If static data is OK, DAWG can be a good choice. Custom iteration is not exposed to Python, but nothing prevents it from being implemented, it is straightforward once you understand data format. If you need something custom it could be better to implement the whole thing in Cython, to make it fast; that's the reason custom iteration was low priority, and we were adding more methods to DAWG class itself instead, implementing them in Cython. That said, custom iterator objects like in datrie are a welcome addition to DAWG package. There is also https://github.com/pytries/DAWG-Python package which implements a pure-Python reader for DAWG structure; it can be easier to hack on.

I think walking can be also implemented for HAT-Trie, but it can be a bit less straightforward.
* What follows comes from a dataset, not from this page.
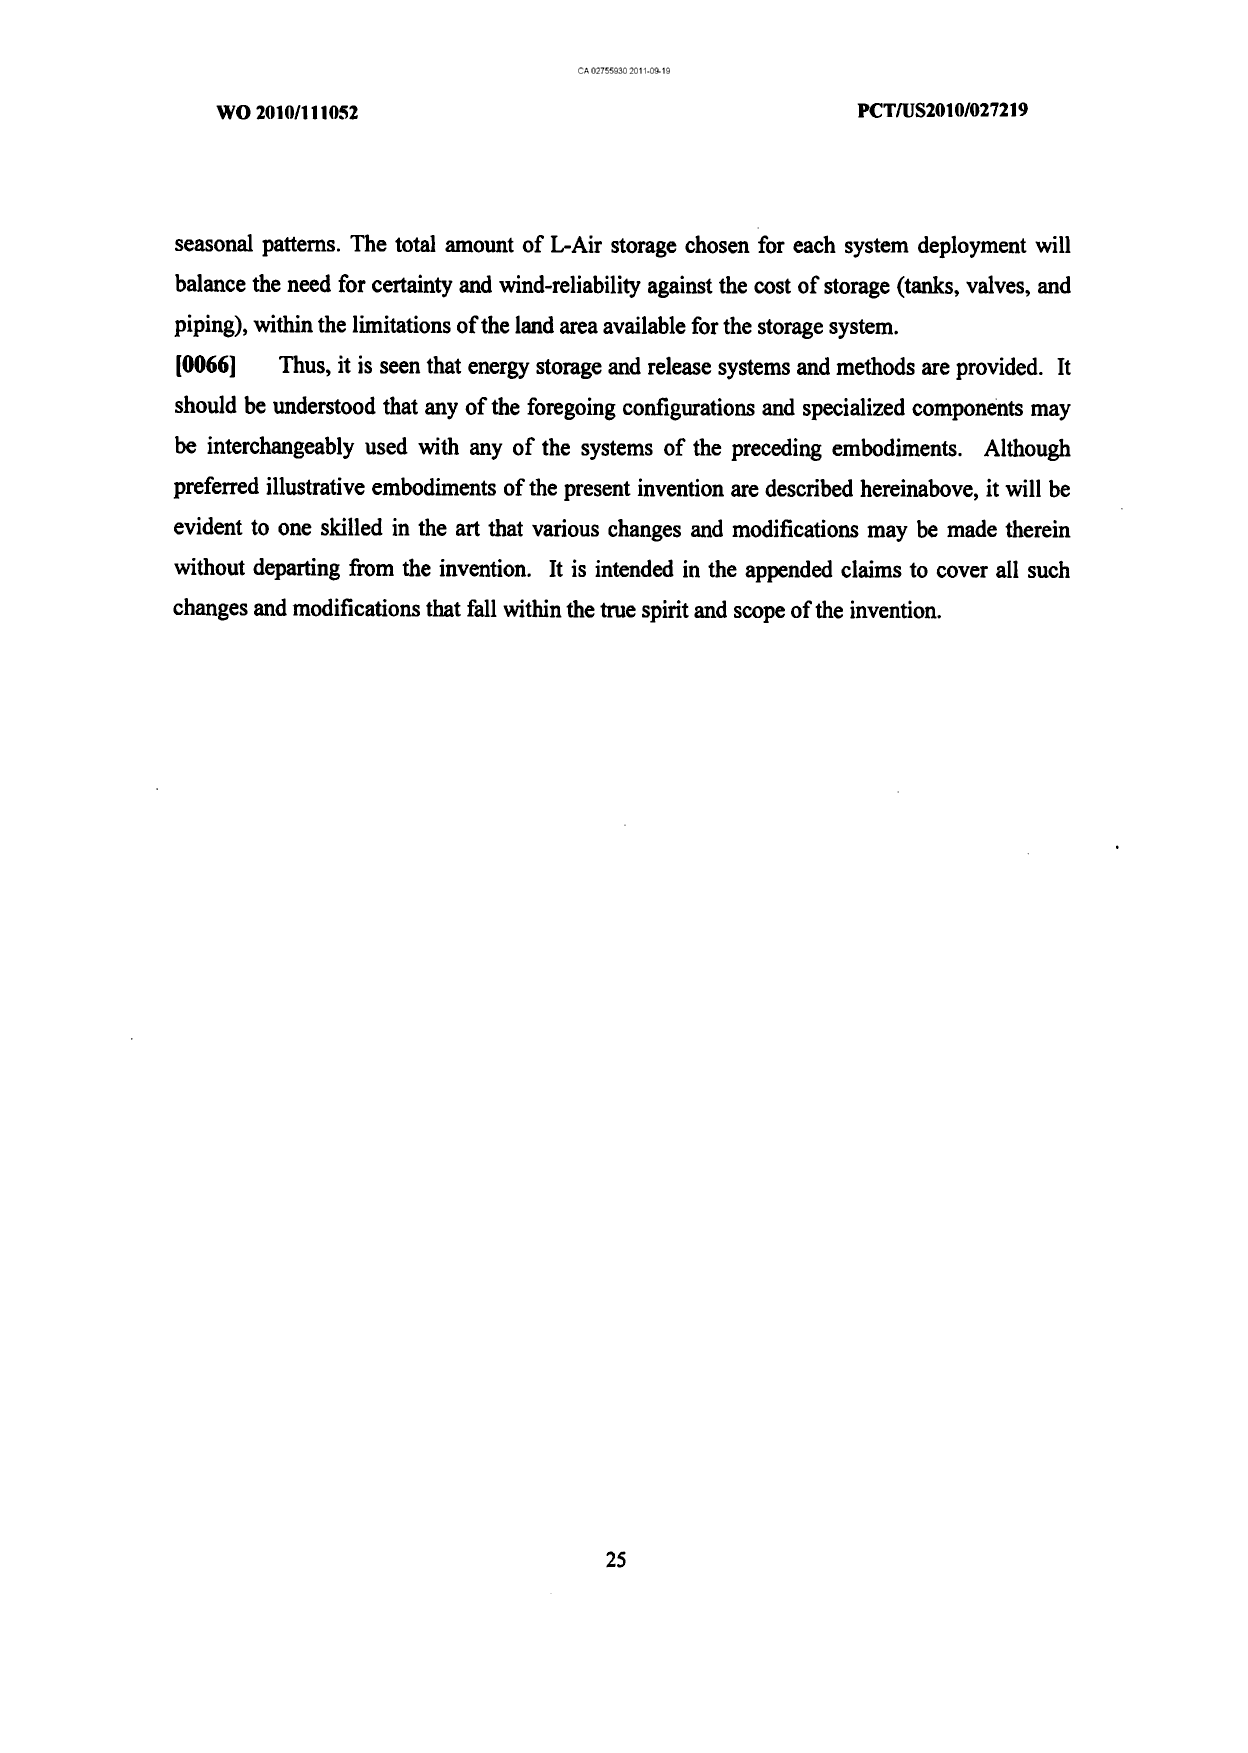 Canadian Patent Document 2755930. Description 20111211. Image 25 of 25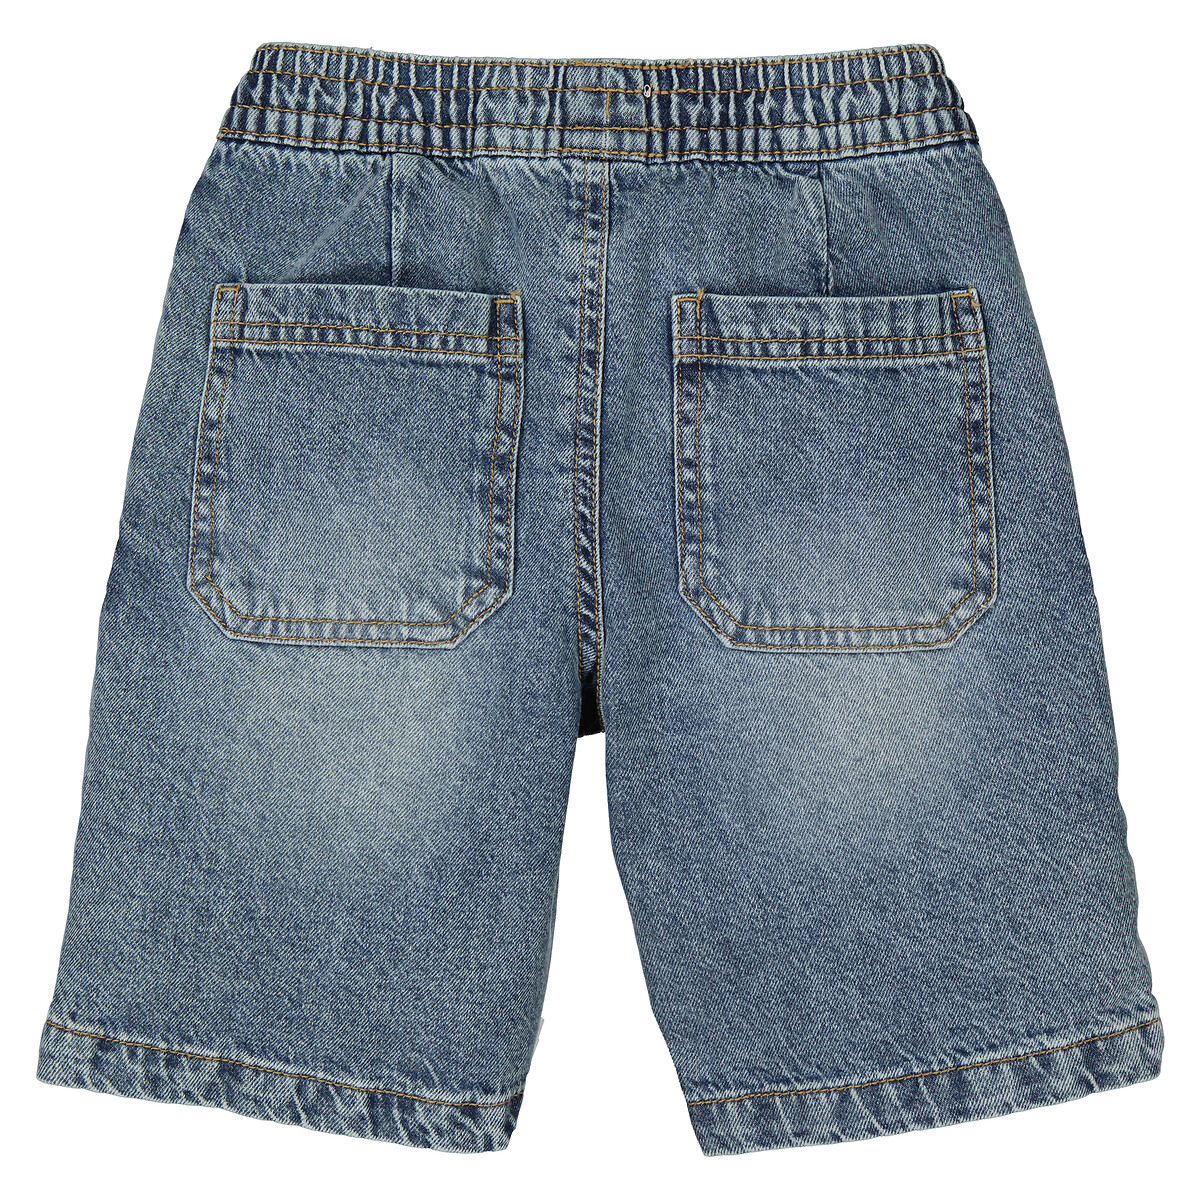 Бермуды Из джинсовой ткани с поясом на резинке 12 синий LaRedoute, размер 12 - фото 4

HAT-Trie is not really a trie, there are levels of small hash maps which are sorted on demand when needed.

There is no vanilla Trie in pytries :) You can also check trie from BioPython; it is also not vanilla though.

Alphabet size is 255 (or 254) in all of these tries; unicode data is encoded to UTF-8 for all tries other than datrie.

If you're storing binary data null bytes can be a problem, as they have special meaning in some of the trie implementations.

fgregg commented 7 years ago

@kmike, thanks for your comprehensive reply. Very much appreciated.